I think the reviewer's point is that you are computing a fold-change 
based on something that is primarily due to signal divided by something 
that is primarily due to noise. In other words, the numerator is signal, 
and the denominator is noise.

In addition, the value due primarily to noise is very close to zero, so 
you end up with a huge fold change that can vary widely, depending on 
the variability of your noise signal. So the actual value of the ratio 
is probably not that meaningful, but the fact that it is reliably large 
probably means that the gene is truly differentially expressed. You just 
cannot say reliably by how much.

Best,

Jim


>
> Best wishes,
> Seraya
>
>
> -----Original Message-----
> From: Jenny Drnevich [mailto:drnevich at illinois.edu]
> Sent: Mittwoch, 6. April 2011 16:53
> To: Seraya Maouche; 'James W. MacDonald'; 'Wei Shi'
> Cc: Bioconductor at r-project.org
> Subject: Re: [BioC] Limma
>
> Hi Seraya,
>
> I think your explanation for the reviewer is on track. Despite the fact that
> some microarray platforms allow the calculation of a metric called "present"
> or "absent", they really cannot detect whether a gene is truly expressed or
> not.
> Instead, it's just a metric saying if the signal was above some noise
> threshold. Now, the signal measured will always be non-zero, so we can use
> these numbers to calculate fold-change regardless of the "present" or
> "absent" call.

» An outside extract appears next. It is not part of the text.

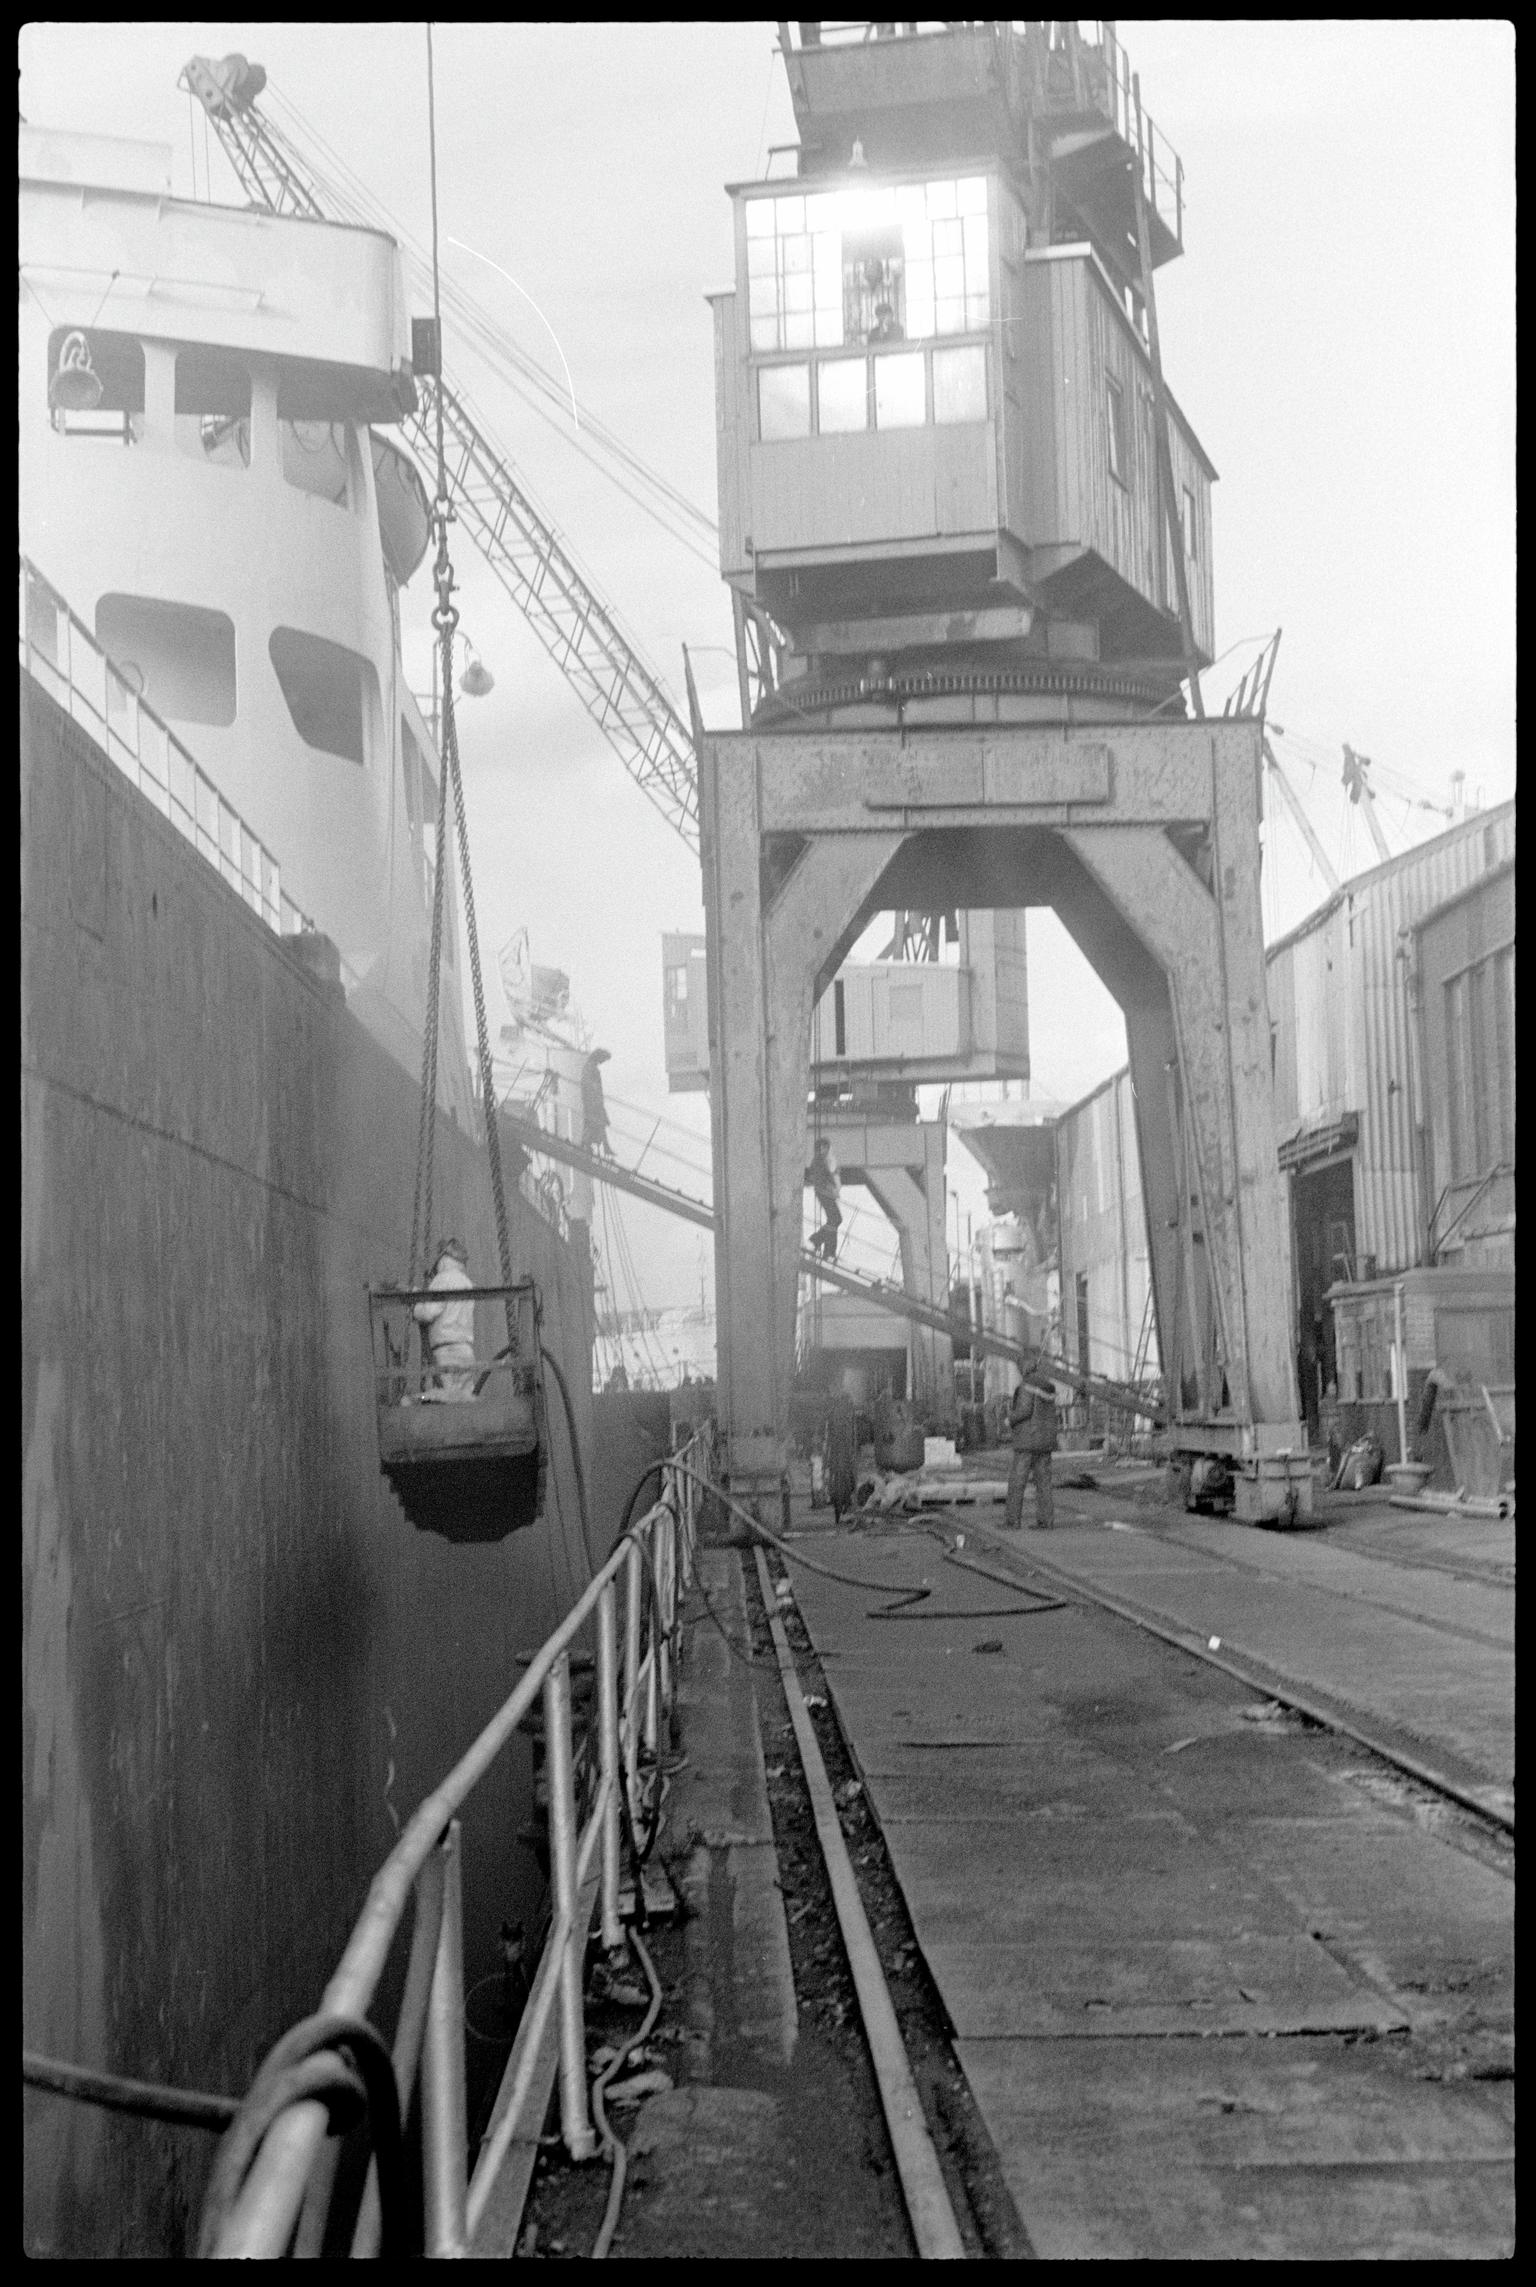 Cardiff Docks, negative

You are right to throw out only those genes that are called
> "absent" in all samples, but for the rest of the genes, the "present/absent"

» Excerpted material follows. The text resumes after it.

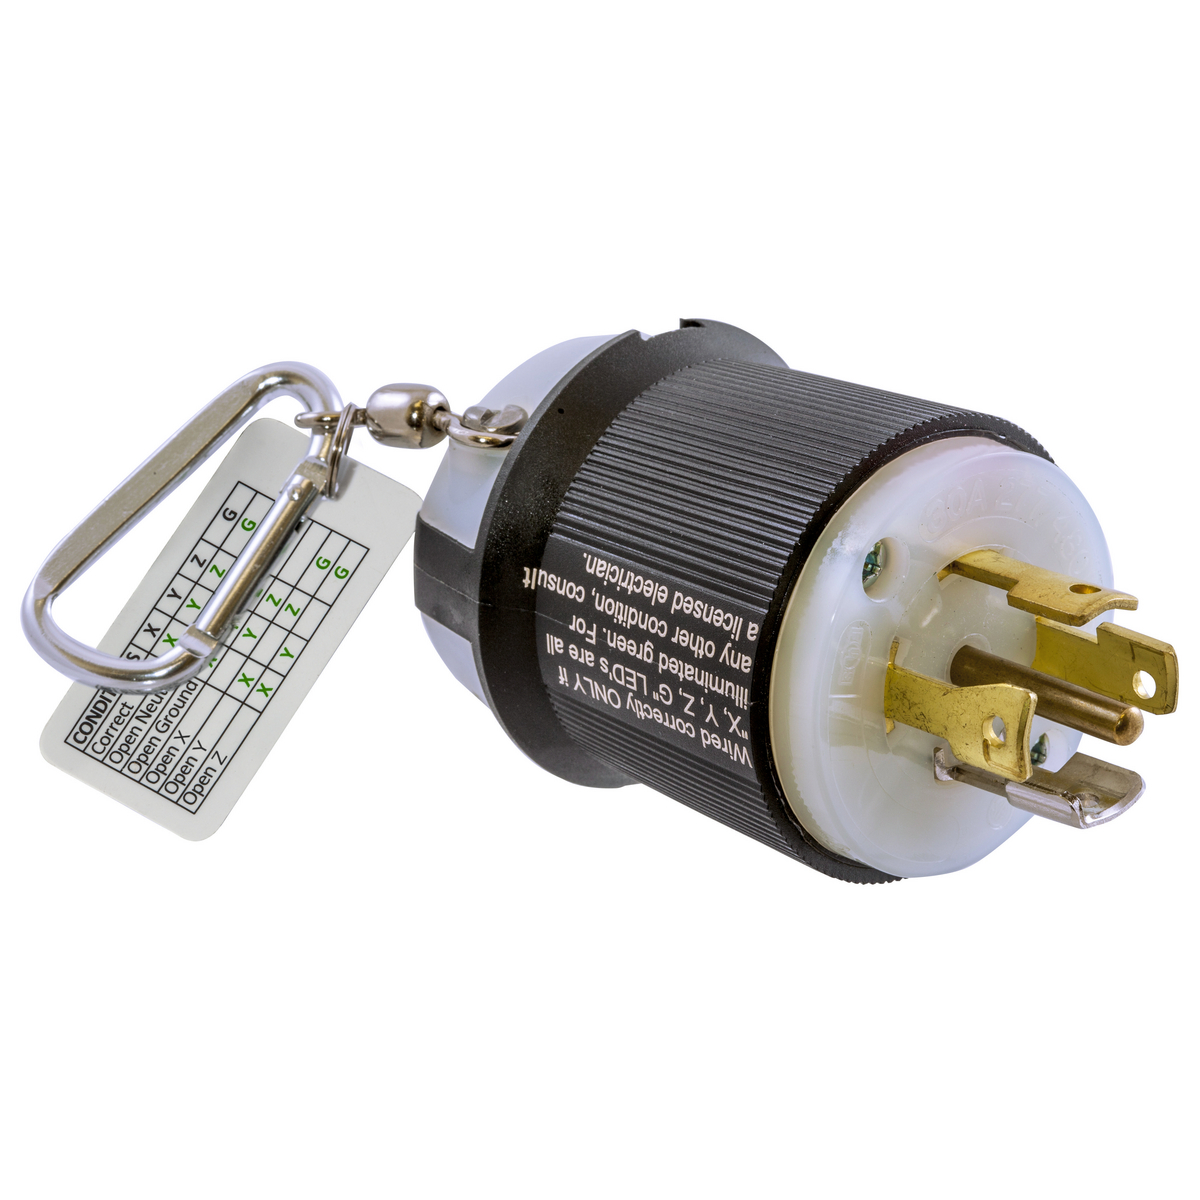 Amtech T1154 3 digit combination cable lock

> metric is not good enough to categorize "off" versus "on" genes, so we just
> use the numbers measured, calculate fold-changes and do statistical tests.
> Hopefully the reviewer will be satisfied with an explanation of this sort.
>
> Good luck,
> Jenny
>
> At 09:39 AM 4/6/2011, Seraya Maouche wrote:
>> Dear  Jim, dear Wei,
>> Thanks for your help, it is not a two color analysis, it is Illumina.
>>
>> Best wishes
>> seraya
>>
>> -----Original Message-----
>> From: James W. MacDonald [mailto:jmacdon at med.umich.edu]

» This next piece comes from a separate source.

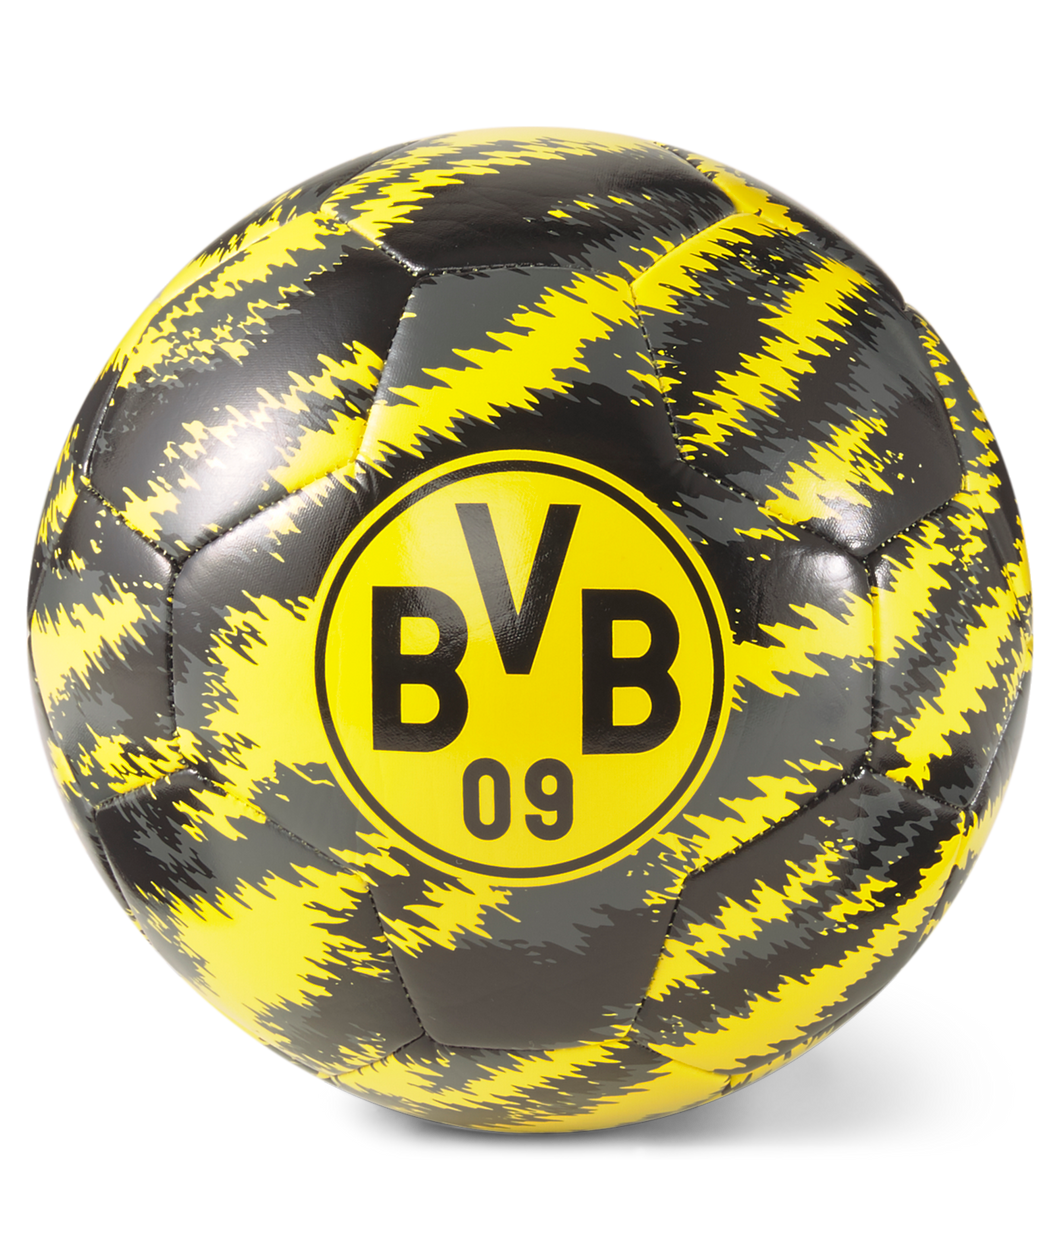 PUMA Borussia Dortmund Club Ball 083496 02 - YELLOW/BLACK

>> Sent: Mittwoch, 6. April 2011 15:55
>> To: Wei Shi
>> Cc: Seraya Maouche; Bioconductor at r-project.org
>> Subject: Re: [BioC] Limma
>>
>> Hi Wei,
>>
>> I think you misunderstood the OP. Seraya _didn't_ remove genes that
>> were only present in one condition. The problem is that the reviewer
>> didn't like ratios with a zero in the denominator, which is a fair
> complaint.
>>
>> I don't do two color analyses, so don't know what the consensus is for
>> handling logratios where the denominator is really close to zero. Since
>> you guys do this stuff all the time, perhaps you have some pointers?
>>
>> Best,
>>
>> Jim
>>
>>
>>
>> On 4/5/2011 6:43 PM, Wei Shi wrote:
>>> Hi Seraya:
>>>
>>>        Genes which are present in one condition but not in the other
>>> should
>> NOT be removed from your analysis. Only those gene which are absent in
>> both conditions should be filtered out to improve the power to detect
>> differentially expressed genes. It is very likely that a lot of genes
>> of biological interest were not included in your analysis results due
>> to the removal of genes which are present in one condition but not in the
> other.
>> Have a look at the case study for processing Illumina BeadChip data in
>> limma user guide about the probe filtering.
>>>
>>>        Hope this helps.
>>>
>>> Cheers,
>>> Wei
>>>
>>> On Apr 6, 2011, at 2:05 AM, Seraya Maouche wrote:
>>>
>>>> Dear Prof Gordon, dear Bioconductor members,
>>>>
>>>> I have performed gene expression analysis using Limma (Illumina
>>>> human
>>>> ref8) comparing two types of cells (referred below as cond1 and cond2).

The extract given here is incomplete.